Karya ini diterbitkan atas izin NovelToon `AzizahNur`, isi konten hanyalah pandangan pribadi pembuatnya, tidak mewakili NovelToon sendiri
Chapter 15 : Serbuk Seribu Racun
Lian Hua duduk bersandar di sudut ruangan, tubuhnya terasa lelah setelah memberikan pengobatan pada Wei Jie. Setidaknya kini anak itu tak lagi meringis kesakitan, terlalu muda untuk menanggung penderitaan seperti itu.
Beberapa menit berlalu dalam keheningan, hingga suara ketukan pintu memecah sunyi. Ia membuka mata perlahan, menyipit saat pintu didorong dari luar. Cahaya yang menerobos membuatnya mengangkat tangan, berusaha menutupi pandangan. Dirinya sudah terlalu terbiasa hidup dalam gelap.
Sosok Ya Ting muncul, membawa sebuah nampan. Langkahnya teratur, hingga ia berhenti di hadapan Lian Hua dan meletakkan nampan itu di dekatnya. Senyum samar di wajahnya terasa janggal, membuat kening Lian Hua berkerut.
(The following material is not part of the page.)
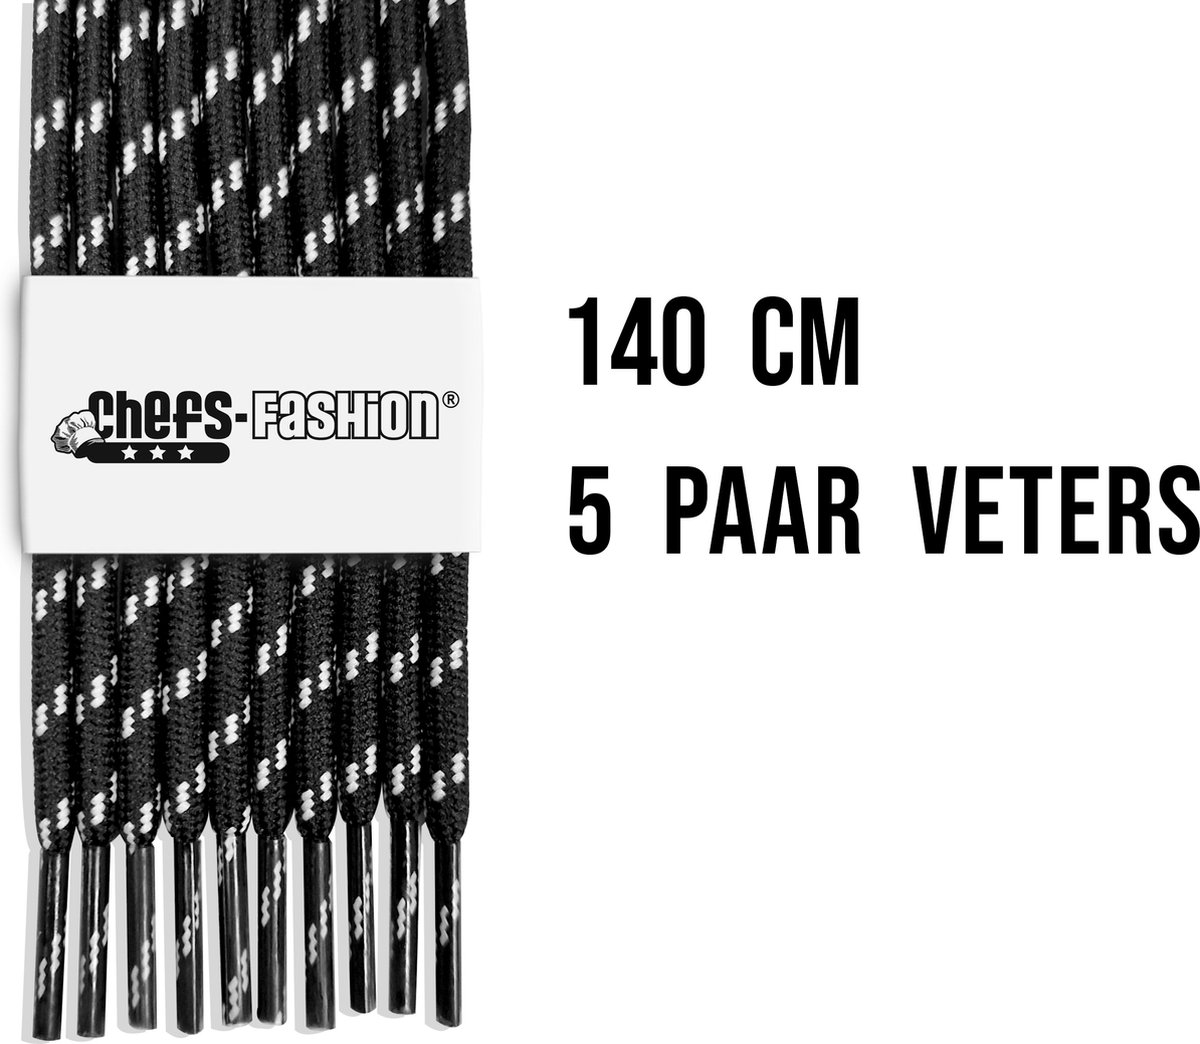 Chefs Fashion - Werk/Wandelschoen - Veters - Zwart/Wit - 140cm lang - 4mm dik - 5 paar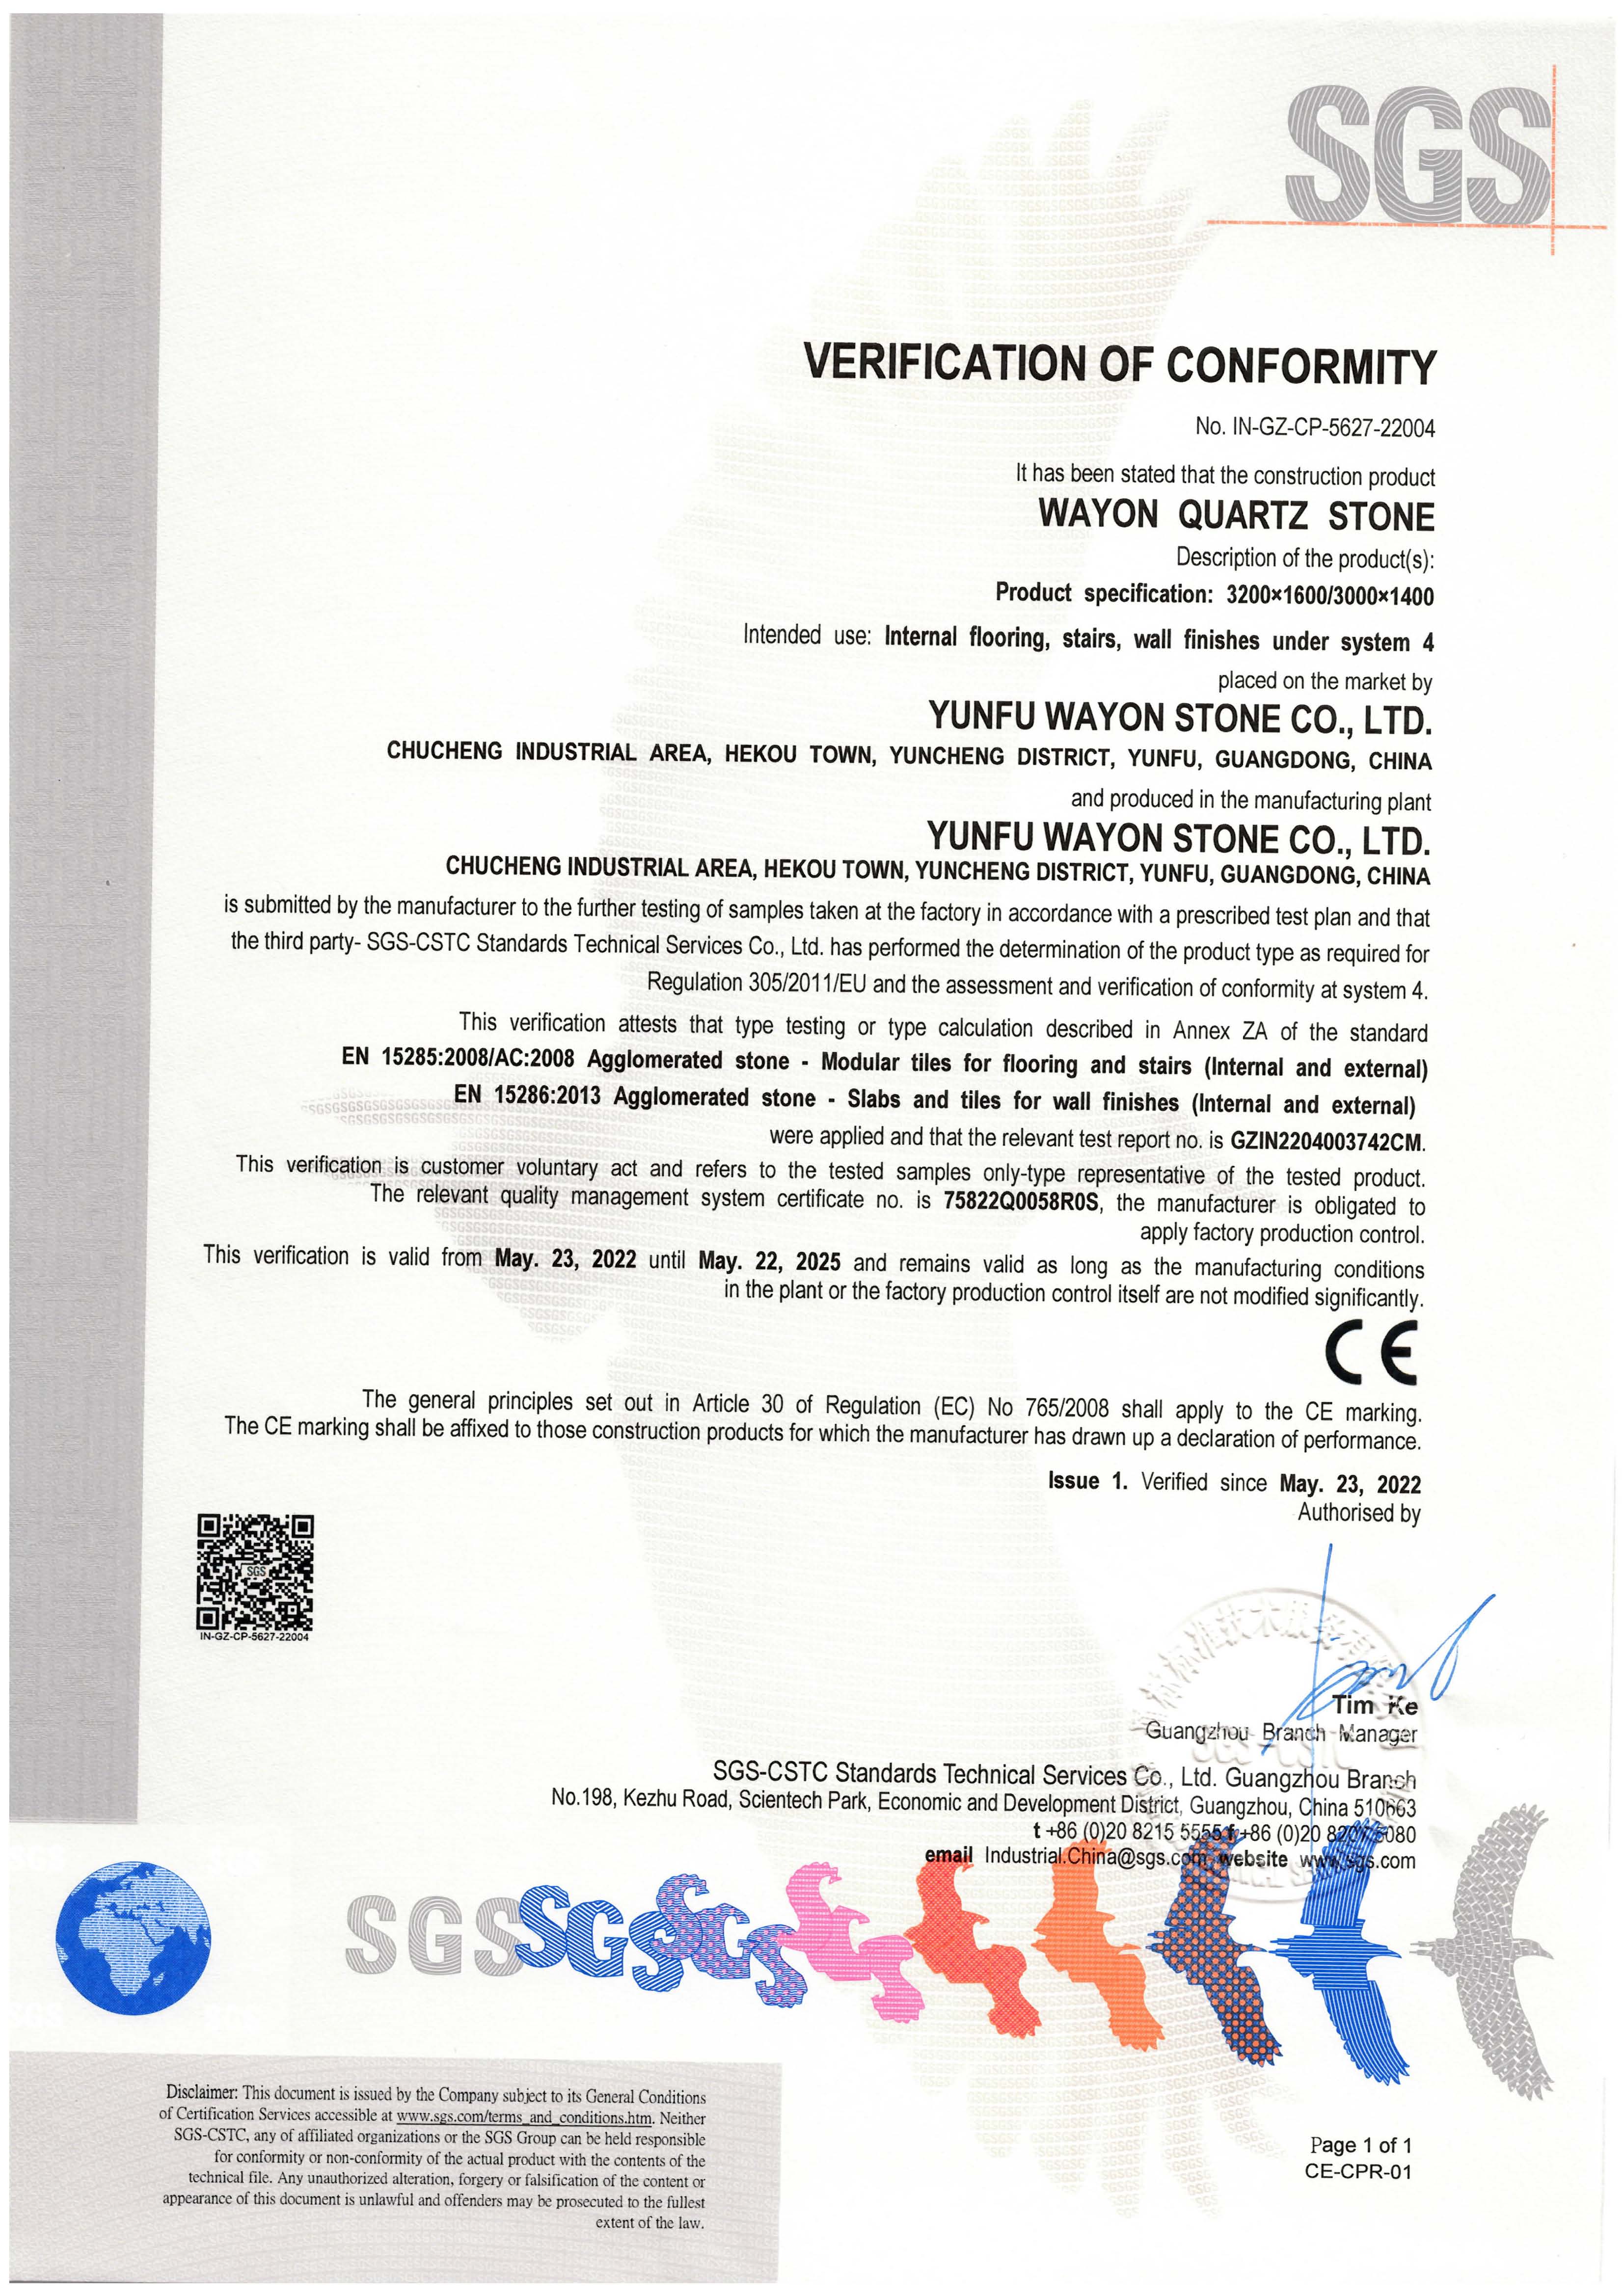 EU CE safety certification

“Apa yang kau lakukan?” tanyanya pelan.
Ya Ting terdiam sejenak sebelum menjawab, “Kau belum makan beberapa hari. Aku membawakan makanan… untuk persiapan besok.”
Kata-kata itu membuat Lian Hua tertegun. “Besok? Persiapan apa?”
Tarikan napas panjang terdengar dari bibir Ya Ting. “Besok adalah persiapan untuk… acara menjelang kematian Kakek Besar Li Wei Ming.”
Lian Hua semakin mengerutkan kening. Bagaimana mungkin menjelang kematian seseorang dianggap sebagai sebuah acara? Namun sebelum ia sempat bertanya lagi, Ya Ting mengalihkan pembicaraan.
“Makanlah, dan minum ramuan istana ini,” katanya sambil menunjuk sebuah mangkuk berisi cairan ungu pekat.
Lian Hua menatap mangkuk itu dengan curiga. “Apa ini?”
“Serbuk seribu racun,” jawab Ya Ting datar.
Tatapan Lian Hua menajam. “Untuk apa?”
“Efeknya hanya 24 jam,” elak Ya Ting, “tapi selama itu kau tak akan merasakan sakit sedikit pun, seolah lukamu tak pernah ada.”
Lian Hua terdiam. Matanya tak lepas dari cairan ungu itu, seakan mencoba membaca rahasia di dalamnya.
“Beristirahatlah. Kita berangkat saat fajar.”
Tanpa menunggu balasan, Ya Ting berbalik dan menutup pintu.
Keheningan kembali memenuhi ruangan. Lian Hua meraih mangkuk itu. “Serbuk seribu racun?”
“Baik atau buruk untukku… aku akan tahu setelah meminumnya.”
Tanpa menunggu lebih lama, Lian Hua meneguknya hingga habis. Rasa pahit menusuk lidah, diikuti asam dan getir yang sulit ia jelaskan. Tenggorokannya seperti terbakar, dan rasa mual langsung menyerangnya.
Ia memejamkan mata, “Sial, aku bersumpah tidak akan pernah meminumnya lagi.”
Ia meletakkan mangkuk, lalu mulai menyendok sup hangat di depannya. Roti di sampingnya terasa sederhana, tapi cukup untuk mengisi perut yang sudah terlalu lama kosong. Perutnya berbunyi, seolah menuntut haknya kembali. Lian Hua bahkan tak ingat kapan terakhir kali ia makan dengan layak. Yang ia ingat, terakhir kali ia hanya memaksa menelan sesuatu yang busuk… lalu memuntahkannya kembali.
…
Keesokan harinya, Lian Hua terbangun dari tidurnya di atas lantai. Matanya terbuka perlahan, tubuhnya terasa lebih ringan dari biasanya. Ia duduk dan menyadari sesuatu yang aneh, tangannya bisa bergerak tanpa rasa sakit.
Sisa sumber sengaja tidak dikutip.